A wringing roller (not shown) presses the strip B against the roller 3 in order to avoid the formation of electric arcs.

The strip B passes into the tank 1 between two pairs of supports 4 and 5 (Fig. 2) constituted by copper bars on which are placed side by side vertical tin bars 6 whose feet are engaged in a guide 7 U-shaped.

The copper bars 4 and 5 form slides for the tin bars and are connected to a corresponding bar 7 for supplying current.

The strip B therefore passes through two passages formed by the tin bars 6 carried by their corresponding supports 4 and 5, formed respectively on its descent and ascent path in the reservoir 1 filled with electrolyte.

The supports or bridges 4,5 and the tin bars 6 act as the anode of the device.

The container thus formed is carried by a frame 10 which also supports the other containers of the installation (not shown).
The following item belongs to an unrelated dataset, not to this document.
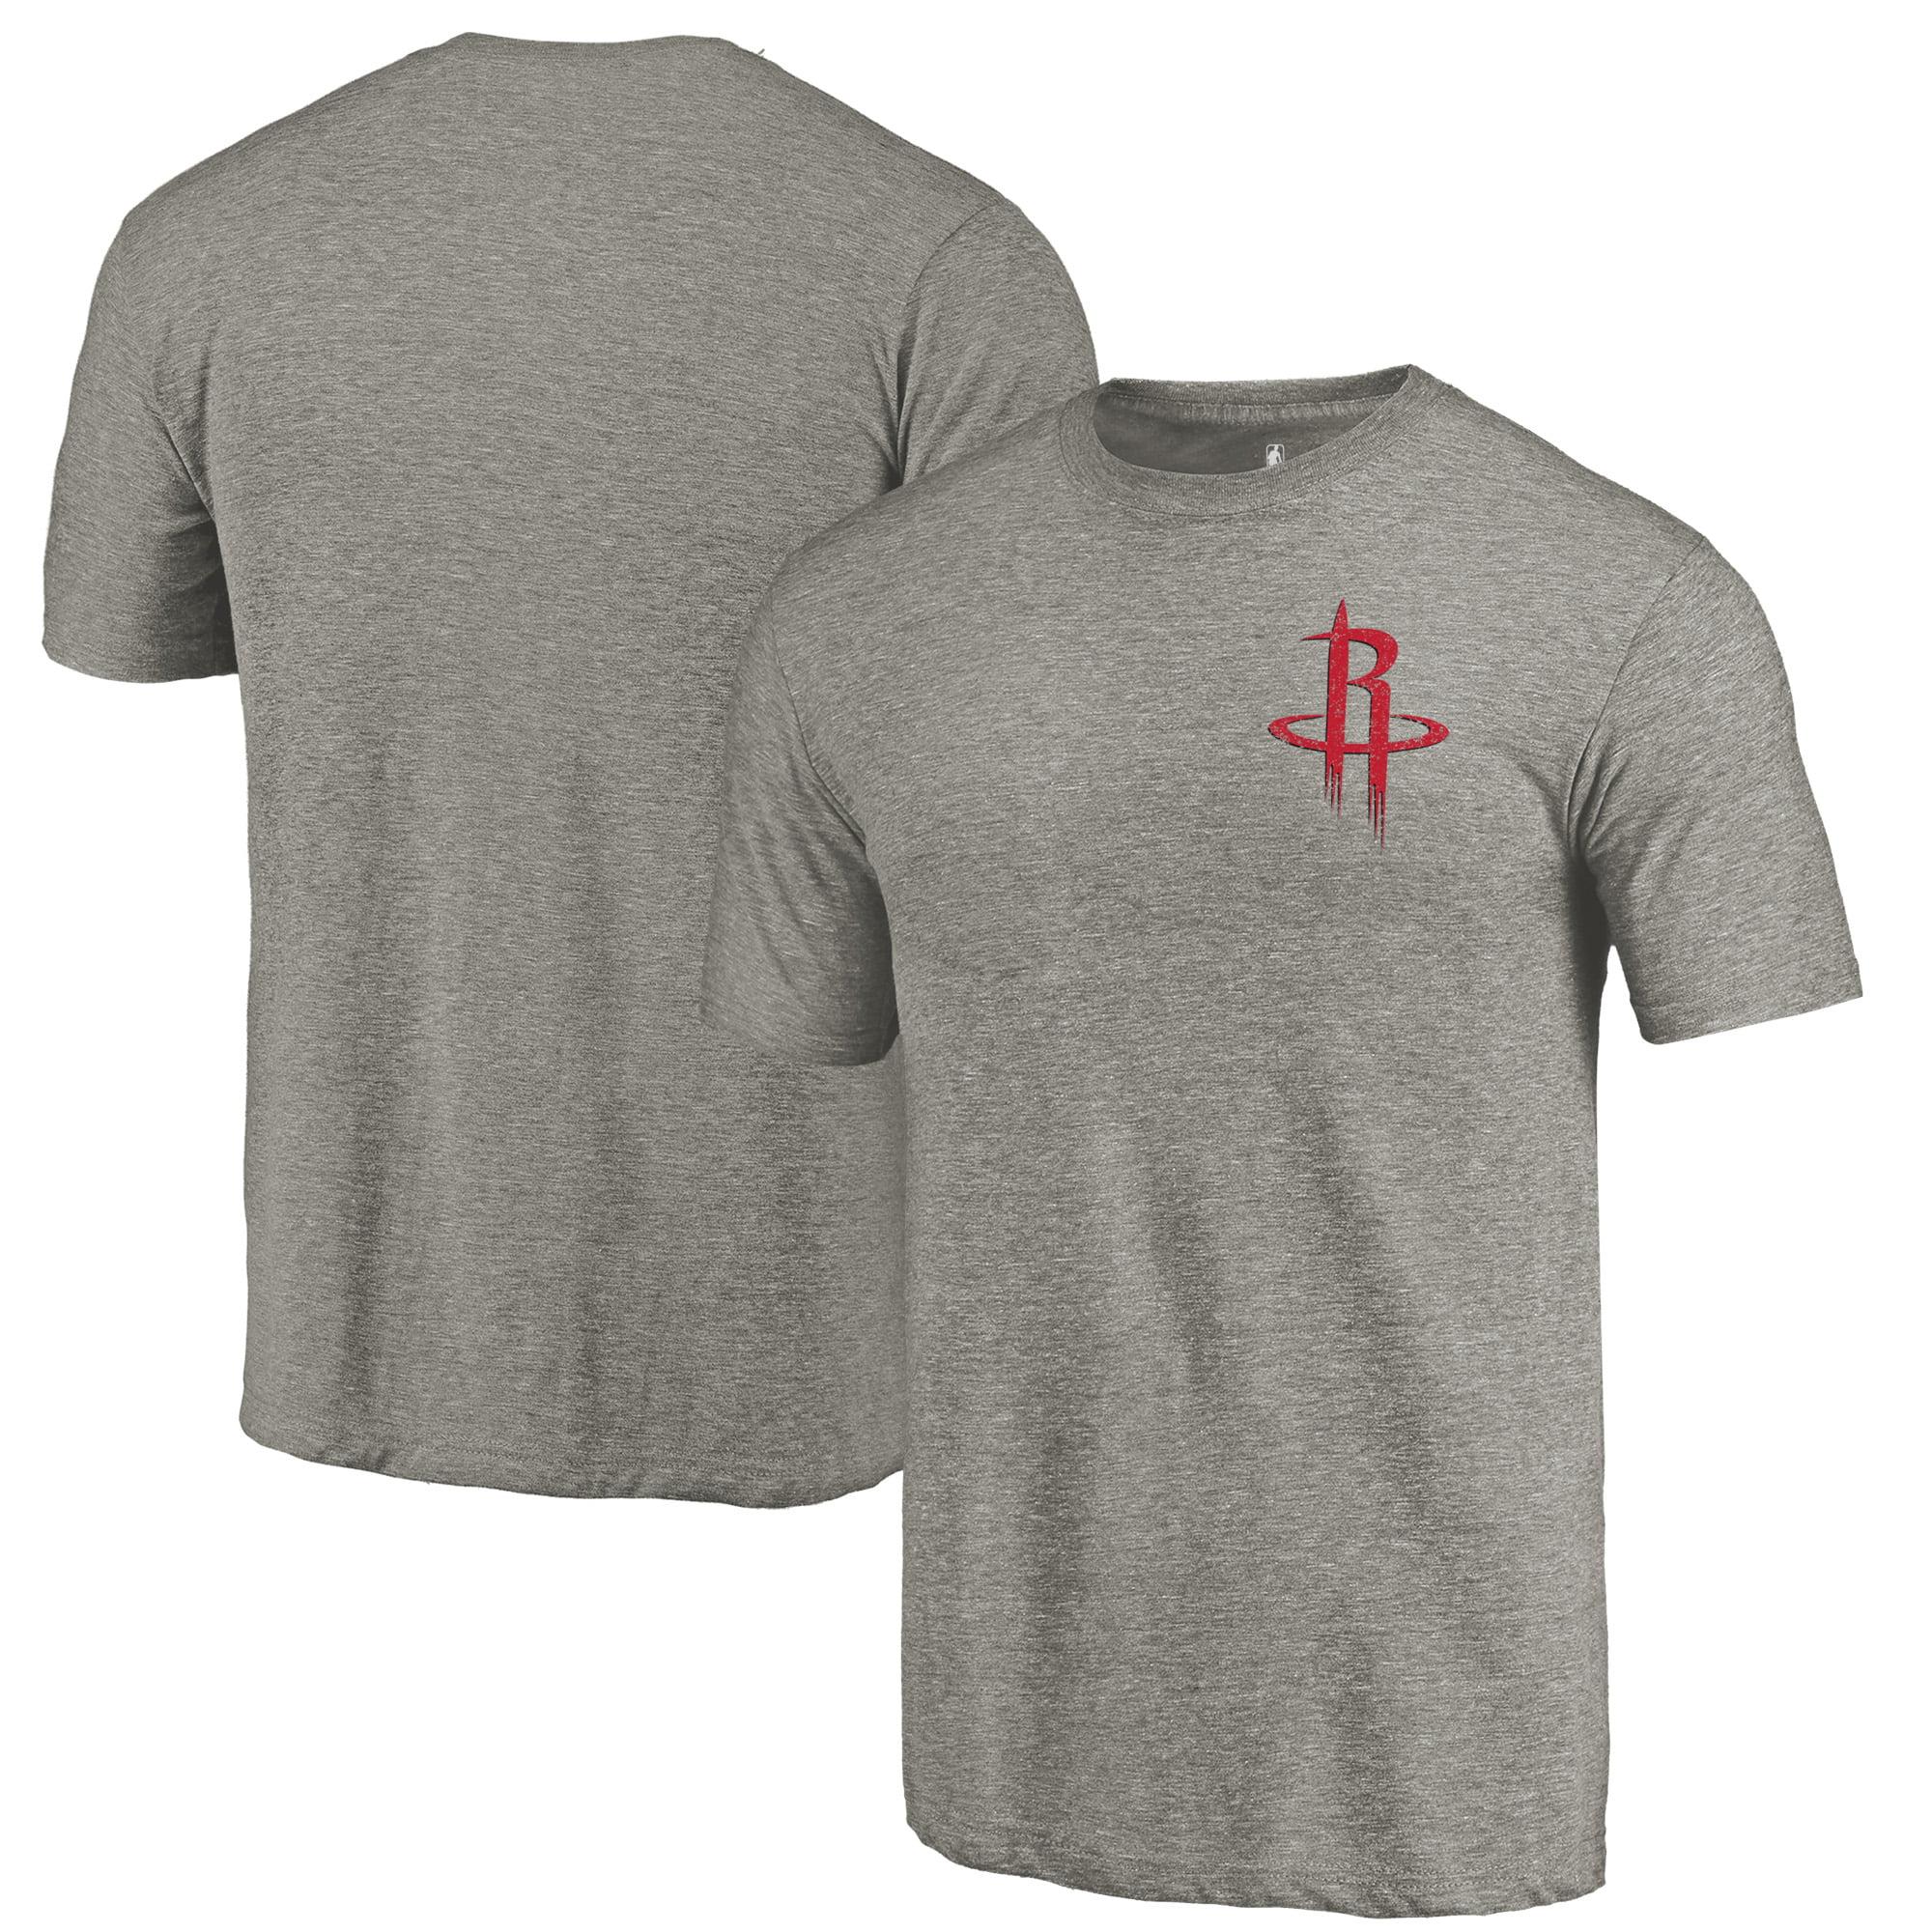 Houston Rockets Fanatics Branded Primary Logo Left Chest Distressed Tri-Blend T-Shirt - Gray

A lining 11 made of insulating material is interposed between the frame and the connection 12 of the supports 4,5 to the bar 7 for supplying current.

Downstream of the last tank of the installation is installed, a gauge formed by two cells arranged as shown in Fig.3.

At the exit of the installation, the strip B on the two faces of which a coating of tin has just been deposited passes over a deflector roller 15 opposite which is disposed a first cell 16 intended to measure the coating of tin of a first face of the loop B. The cell 16 comprises a source 17 of curium 244 placed on a support 18 mounted oscillating on a base 19 and movable around its axis of oscillation 20 by a pneumatic cylinder 21.

The strip B then passes over a second deflector roller 22 opposite which is disposed a second cell 23 similar to the cell 16 and intended to measure the coating of tin on the opposite face of the strip B.

This cell also includes a source 24 of curium 244 placed on a support 25 mounted oscillating on a base 26 and actuated by a pneumatic cylinder 27.

The outputs (not shown from the two cells 16 and 23 of the gauge are connected to corresponding inputs of the processing circuit of the Fig.4 which will now be described.

This circuit includes an analog-digital and digital-analog converter 30, for example of the ADAC 735 type which comprises, for an installation with twelve tinning tanks forty eight analog inputs 31 relating to the intensities of the currents applied to the supports of all the tanks, such as the bridges 4,5 of the tank in Fig. 1 and 2.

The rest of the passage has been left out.